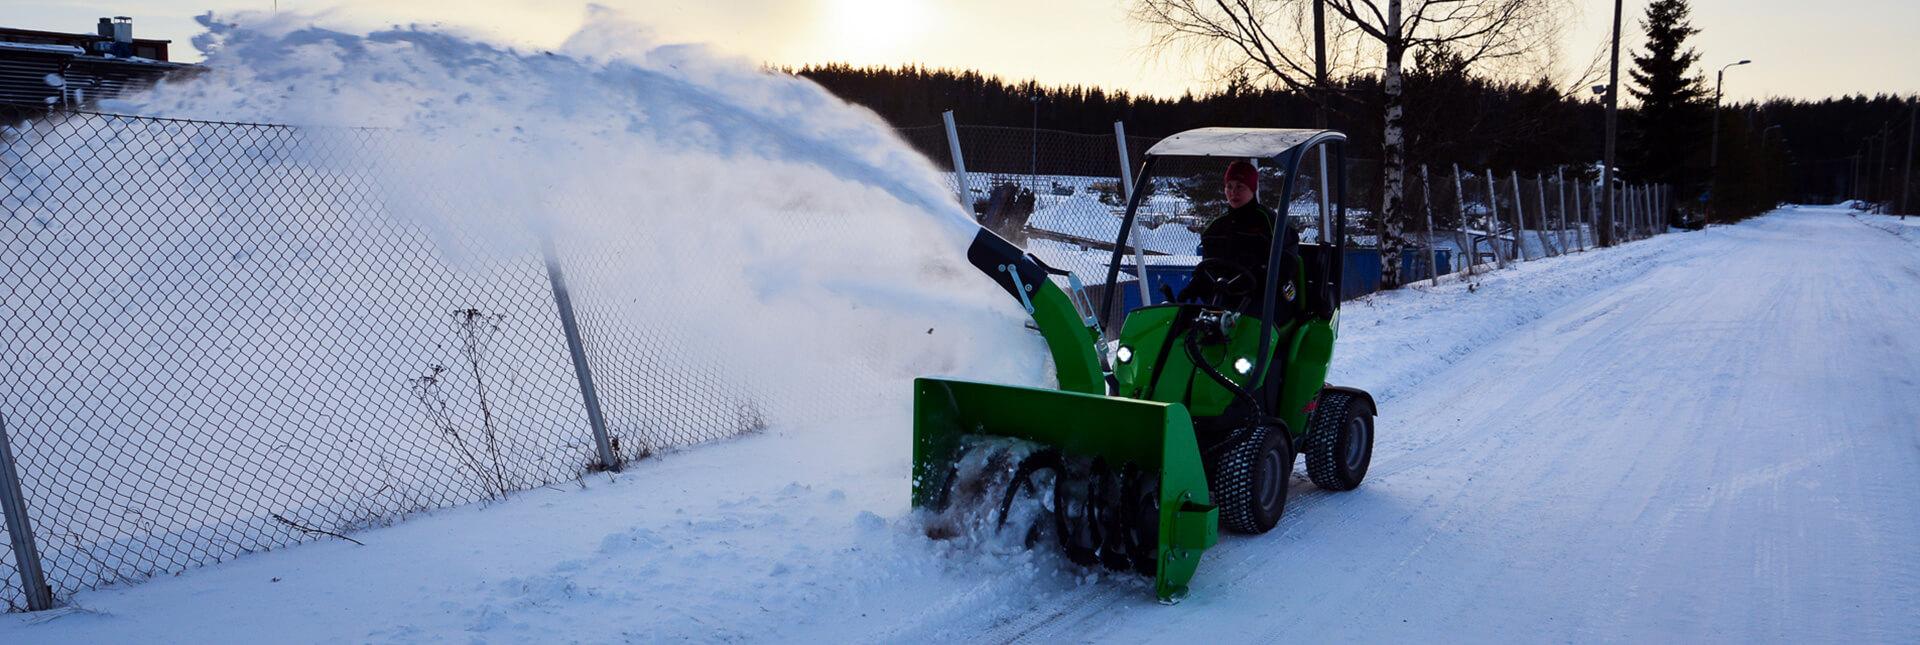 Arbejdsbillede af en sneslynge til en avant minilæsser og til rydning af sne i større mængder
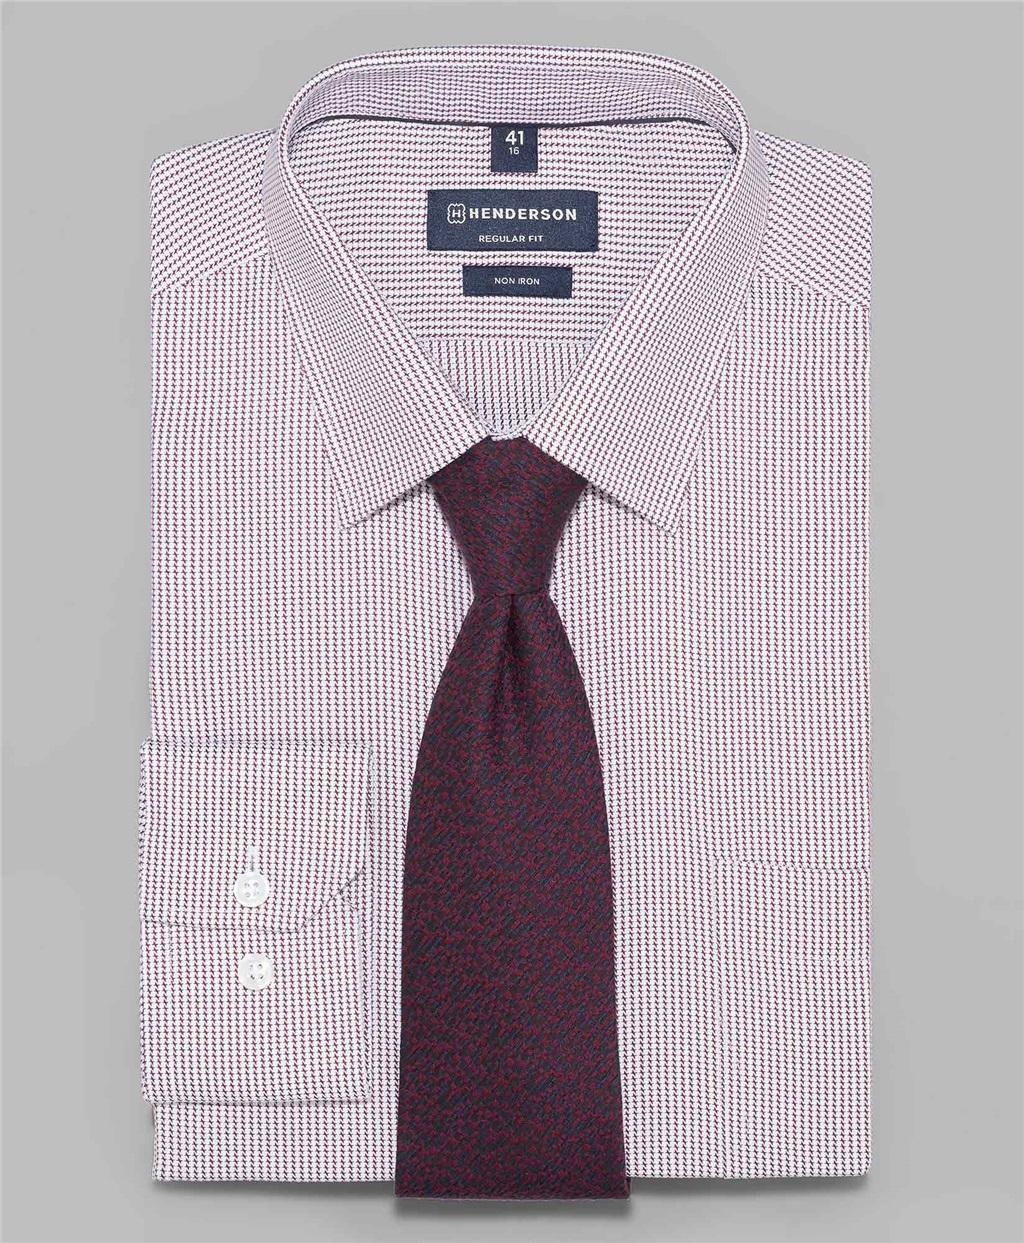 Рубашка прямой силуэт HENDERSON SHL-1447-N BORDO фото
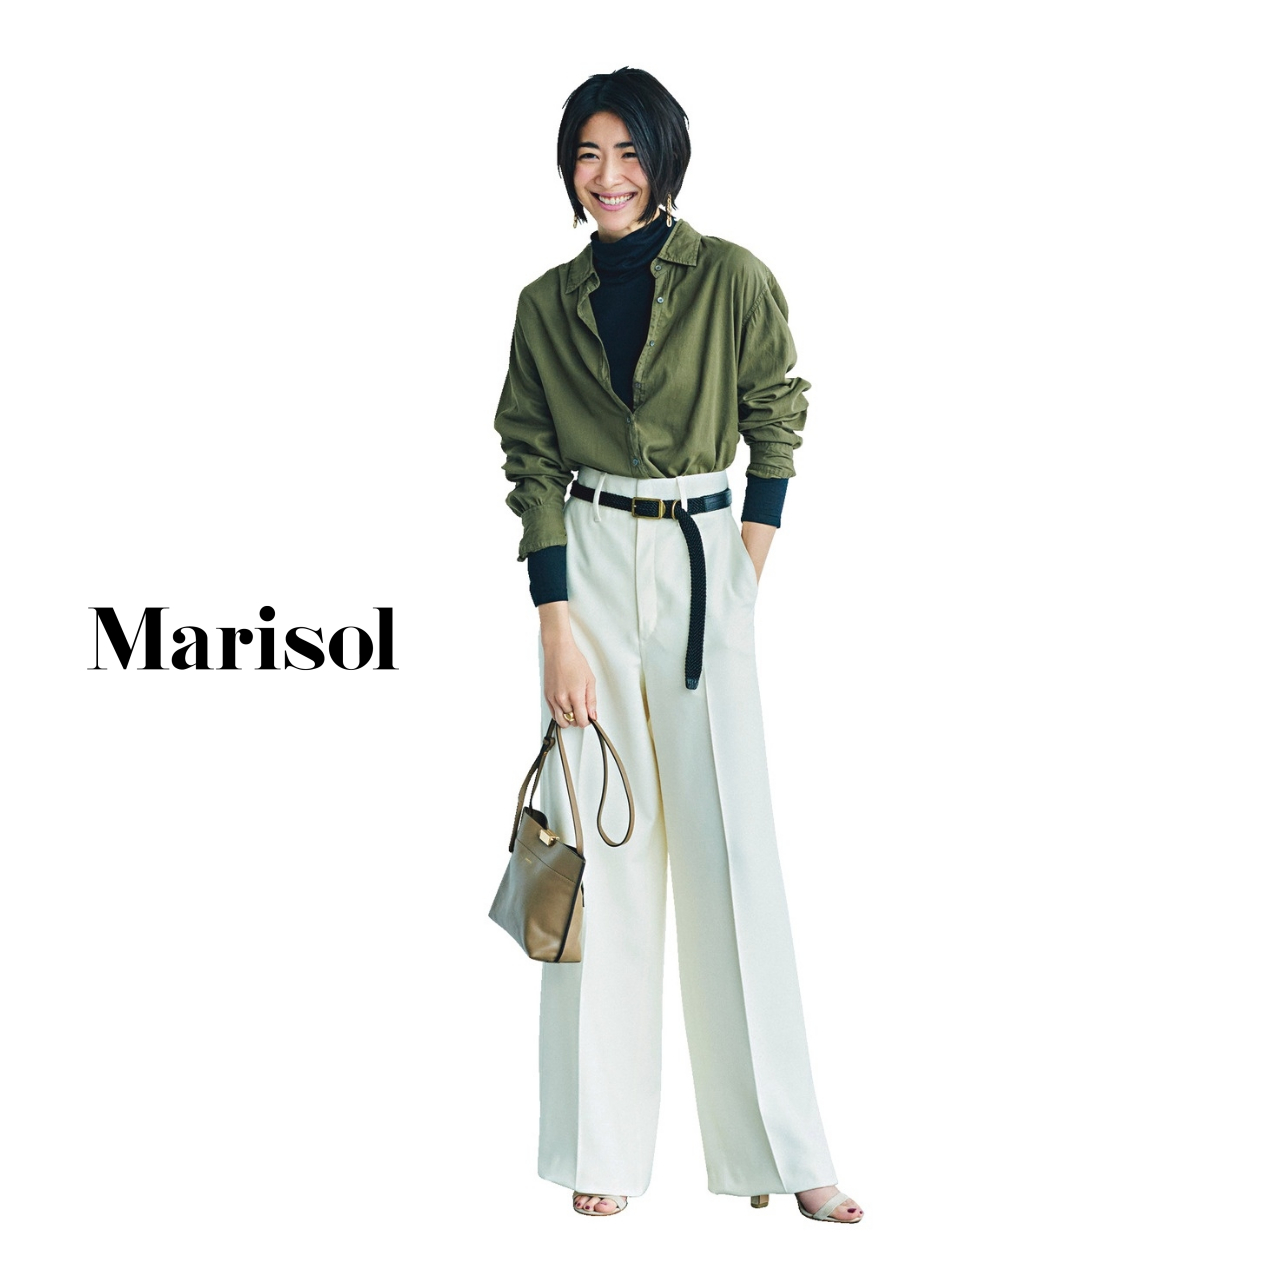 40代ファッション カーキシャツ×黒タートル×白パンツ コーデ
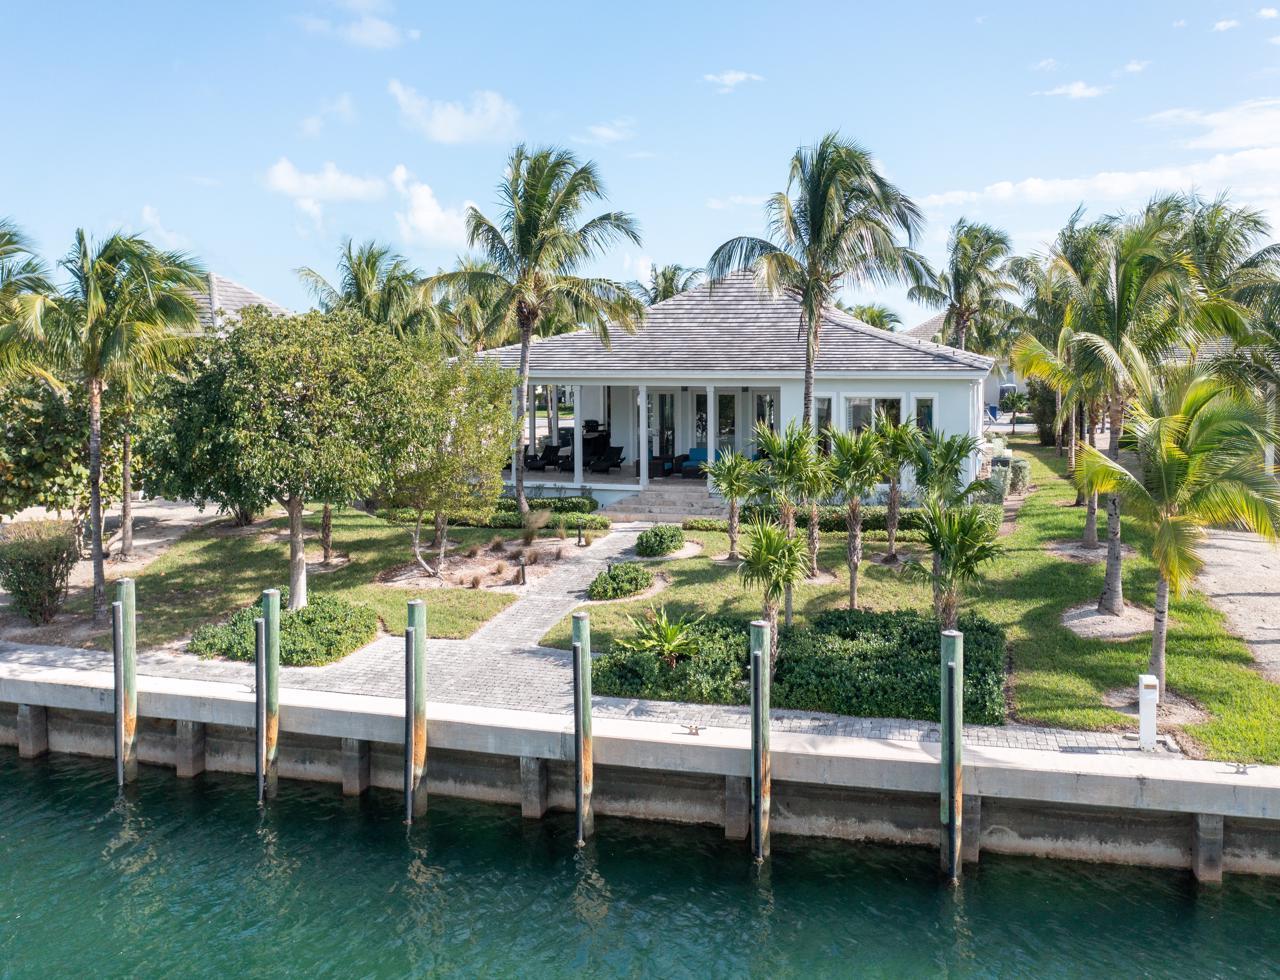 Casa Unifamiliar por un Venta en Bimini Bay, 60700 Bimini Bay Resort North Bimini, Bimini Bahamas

---------------

▶ What you are asked to do
Using the material above, restate word for word the lines from the line that has "40代ファッション カーキシャツ×黒タートル×白パンツ コーデ" to the last line, inclusive, with pictures omitted.

▶ Your solution
 40代ファッション カーキシャツ×黒タートル×白パンツ コーデ
 Casa Unifamiliar por un Venta en Bimini Bay, 60700 Bimini Bay Resort North Bimini, Bimini Bahamas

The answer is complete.